我目前正在使用 boost::polygon::detail::resize() 函数将多边形的轮廓放大或缩小特定大小。这运行良好并给出了正确的结果。
现在在某些情况下,根据输入形状,生成的多边形(红色)包含彼此非常接近的矢量线(黑线):
我想要做的是在这样一个多边形的所有相邻线上有一个最小距离。对于此示例,这意味着需要修改生成的多边形并添加矢量线(蓝色),以替换其下方的红线。这当然会改变多边形的形状,但会使其符合最小距离规则。在上面给出的示例图片中,新的蓝线将具有所需最小距离的长度。

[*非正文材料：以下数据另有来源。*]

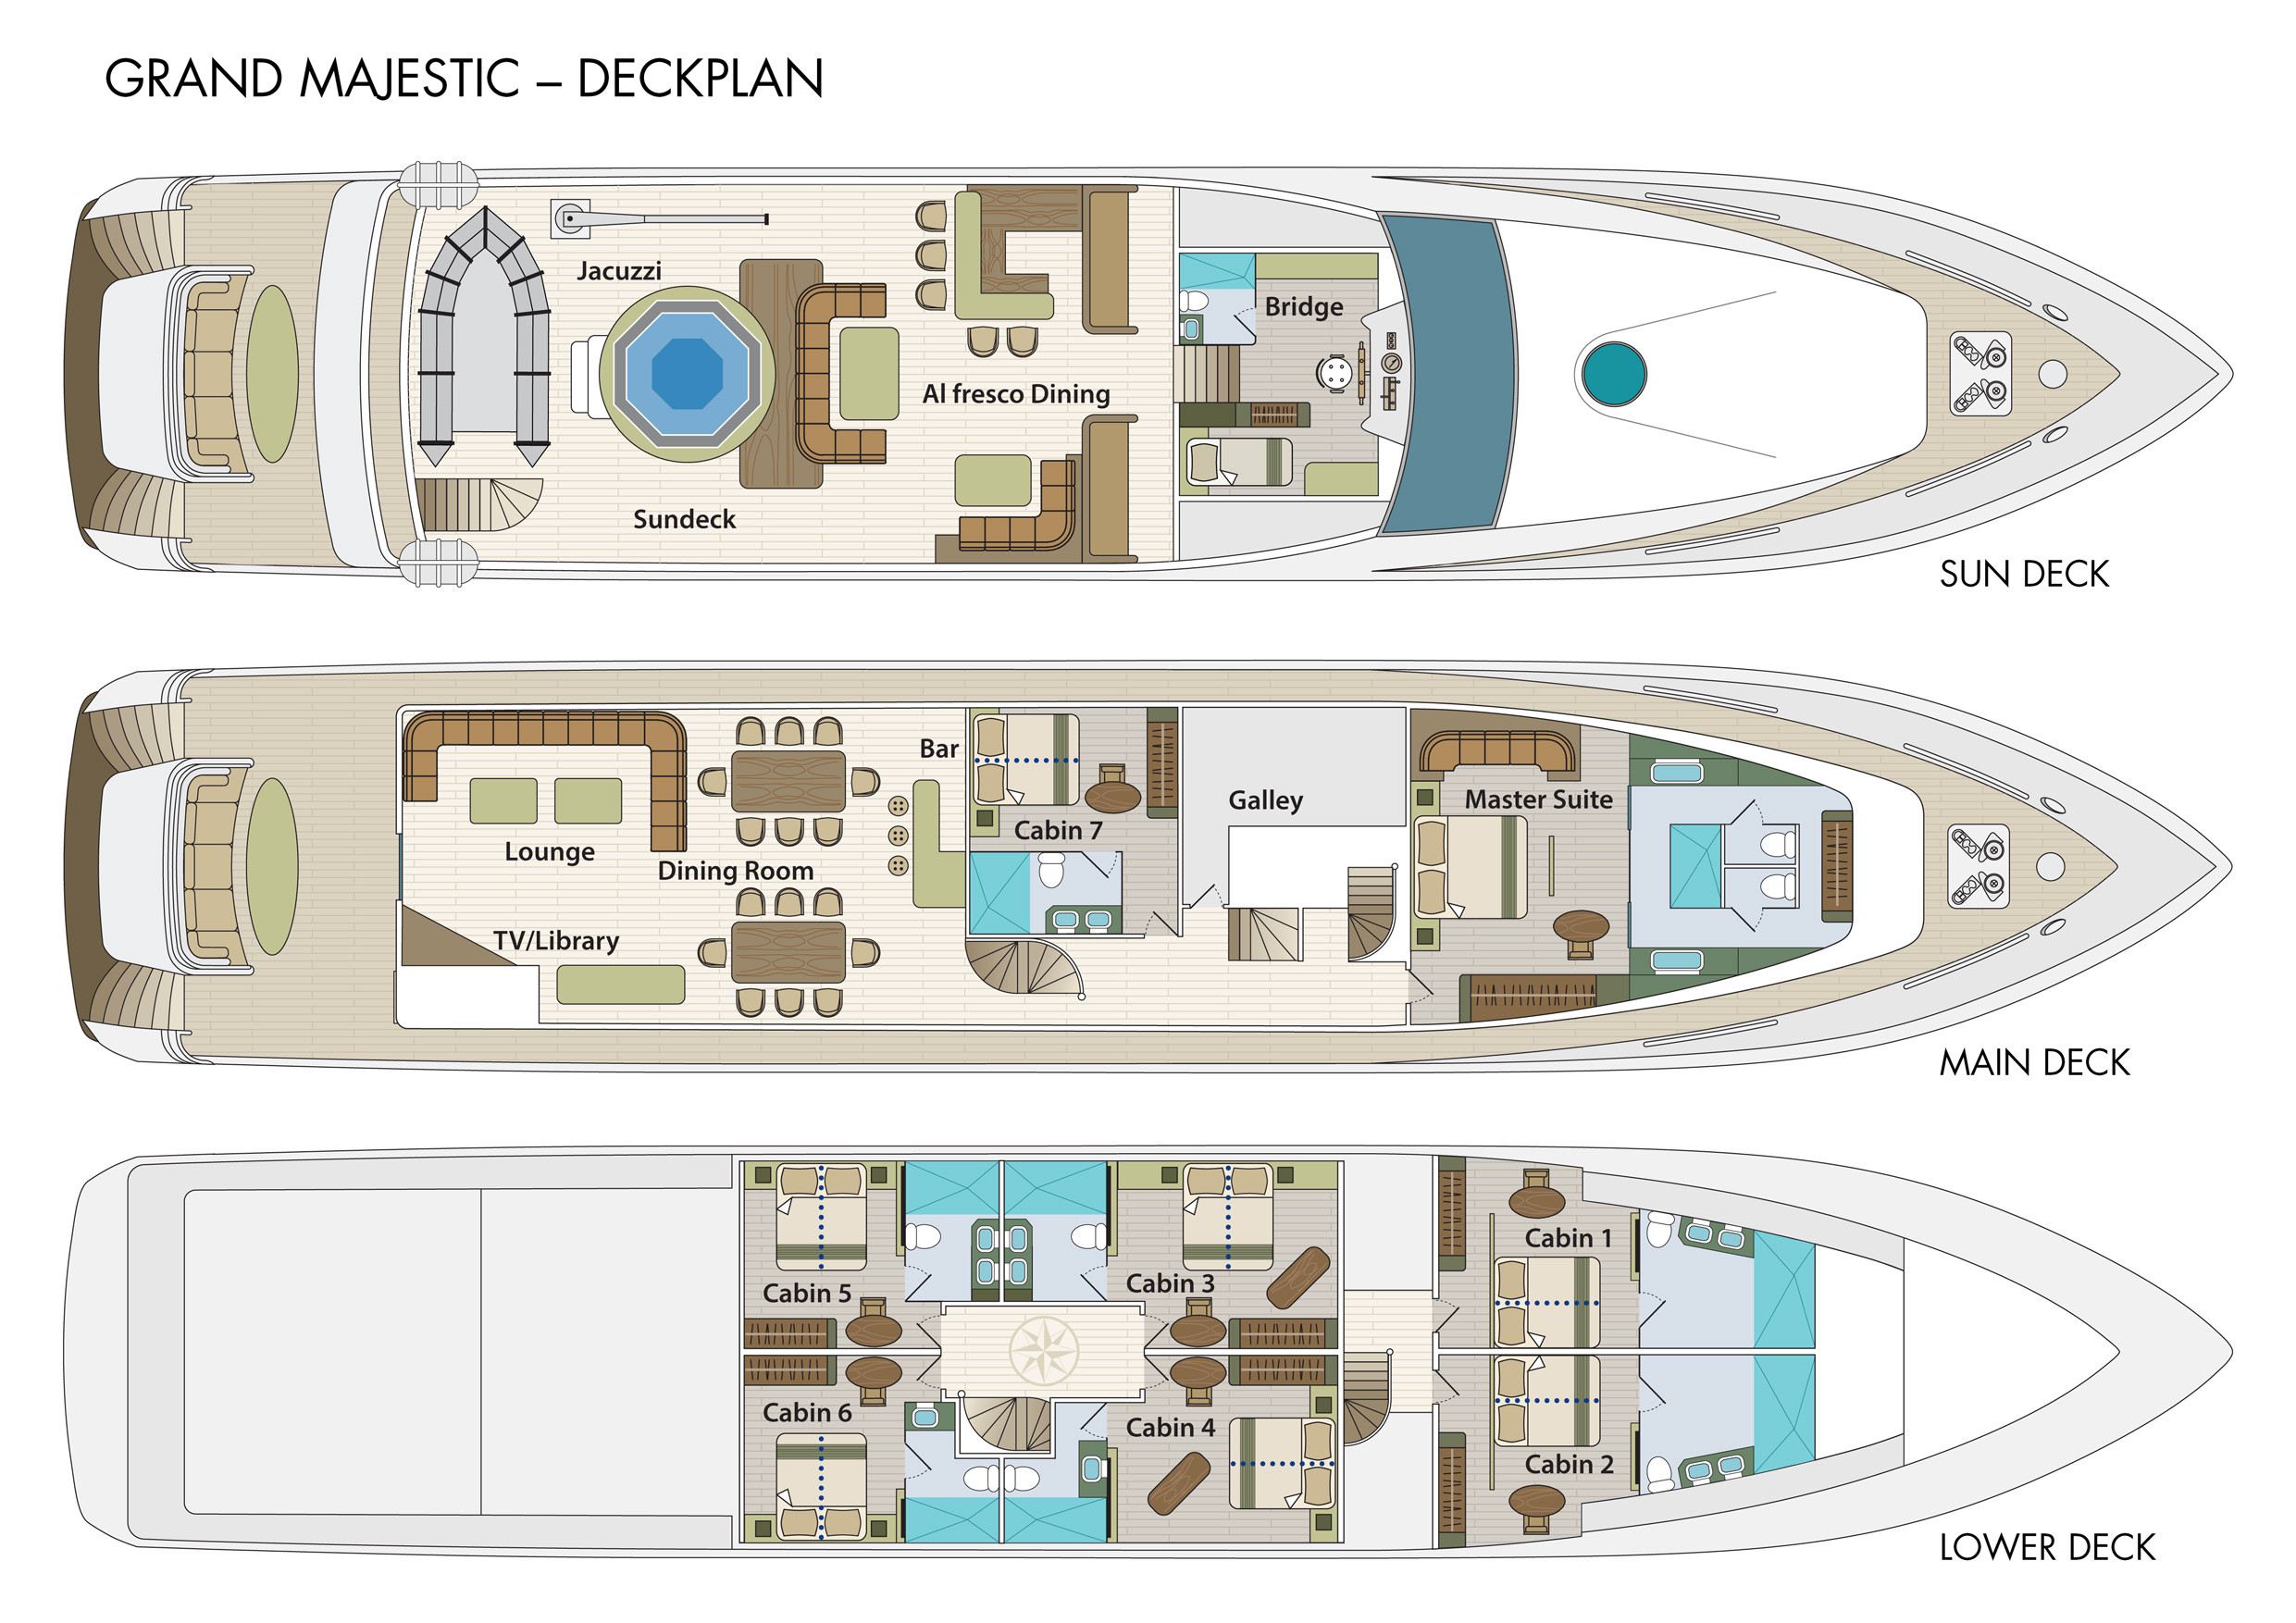 Deckplan GRAND MAJESTIC

我的问题:是否有任何可用的增强功能可以完成这项工作?如果是:哪些以及如何使用它们?
谢谢!
使用以下方法将您的图像转换为代码:
那是:
Point
A(-25.74, 2.5),
B( 14.96, 12.96),
C( 31.07, -2.16),
D( 37, -27.74),
E( 29.37, -51.63),
F( 46.62, -25.48),
G( 48.17, 3.63),
H( 41.53, 20.31),
I( 77.57, 32.04);
String ls{A, B, C, D, E, F, G, H, I};
使用
using Point = bgm::d2::point_xy<double>;
using String = bgm::linestring<Point>;
让我们重现角度测量:
#include <boost/geometry.hpp>
#include <boost/geometry/views/segment_view.hpp>
#include <boost/geometry/geometries/point_xyz.hpp>
#include <iostream>
#include <fstream>
namespace bg = boost::geometry;
namespace bgm = bg::model;
using Point = bgm::d2::point_xy<double>;
using String = bgm::linestring<Point>;
using bg::wkt;
static inline auto angle_rad(Point a, Point b) {
bg::subtract_point(a, b);
return atan2(a.y(), a.x());
}
int main()
{
// clang-format off
Point
A(-25.74, 2.5),
B( 14.96, 12.96),
C( 31.07, -2.16),
D( 37, -27.74),
E( 29.37, -51.63),
F( 46.62, -25.48),
G( 48.17, 3.63),
H( 41.53, 20.31),
I( 77.57, 32.04);
// clang-format on
String ls{A, B, C, D, E, F, G, H, I};
if (std::string reason; !bg::is_valid(ls, reason)) {
std::cout << reason << "\n";
bg::correct(ls);
}
std::cout << wkt(ls) << "\n";
auto desc_p = [&ls](Point const& p) {
static auto names = "ABCDEFGHIJ";
assert(not std::less<>{}(&ls.back(), &p));
assert(not std::less<>{}(&p, &ls.front()));
return std::string(names + (&p - &ls.front()), 1);
};
auto desc = [=](auto it) {
return desc_p(*it->first) + desc_p(*it->second);
};
assert(ls.size() > 1);
auto a = bg::segments_begin(ls), b = std::next(a), e = bg::segments_end(ls);
for (; b != e; ++a, ++b) {
// segment pair *a and *b
auto pointing_angle = [](auto it) {
return angle_rad(*it->first, *it->second);
};
auto aa = pointing_angle(a);
auto ab = pointing_angle(b);
auto deg = [](auto rad) { return rad / M_PI * 180; };
std::cout << "angle " << deg(fmod(ab - aa + 3 * M_PI, 2 * M_PI))
<< " between " //
<< desc(a) << " " << deg(aa) << " vs " //
<< desc(b) << " " << deg(ab) << "\n";
}
{
// Declare a stream and an SVG mapper
std::ofstream svg("output.svg");
bg::svg_mapper<Point> mapper(svg, 400, 400);
// Add geometries such that all these geometries fit on the map
mapper.add(ls);
mapper.map(ls, "fill-opacity:0.3;fill:rgb(51,0,0);stroke:rgb(51,0,0);stroke-width:1");
for (auto& p : ls)
mapper.text(p, desc_p(p), "");
}
}
印刷
LINESTRING(-25.74 2.5,14.96 12.96,31.07 -2.16,37 -27.74,29.37 -51.63,46.62 -25.48,48.17 3.63,41.53 20.31,77.57 32.04)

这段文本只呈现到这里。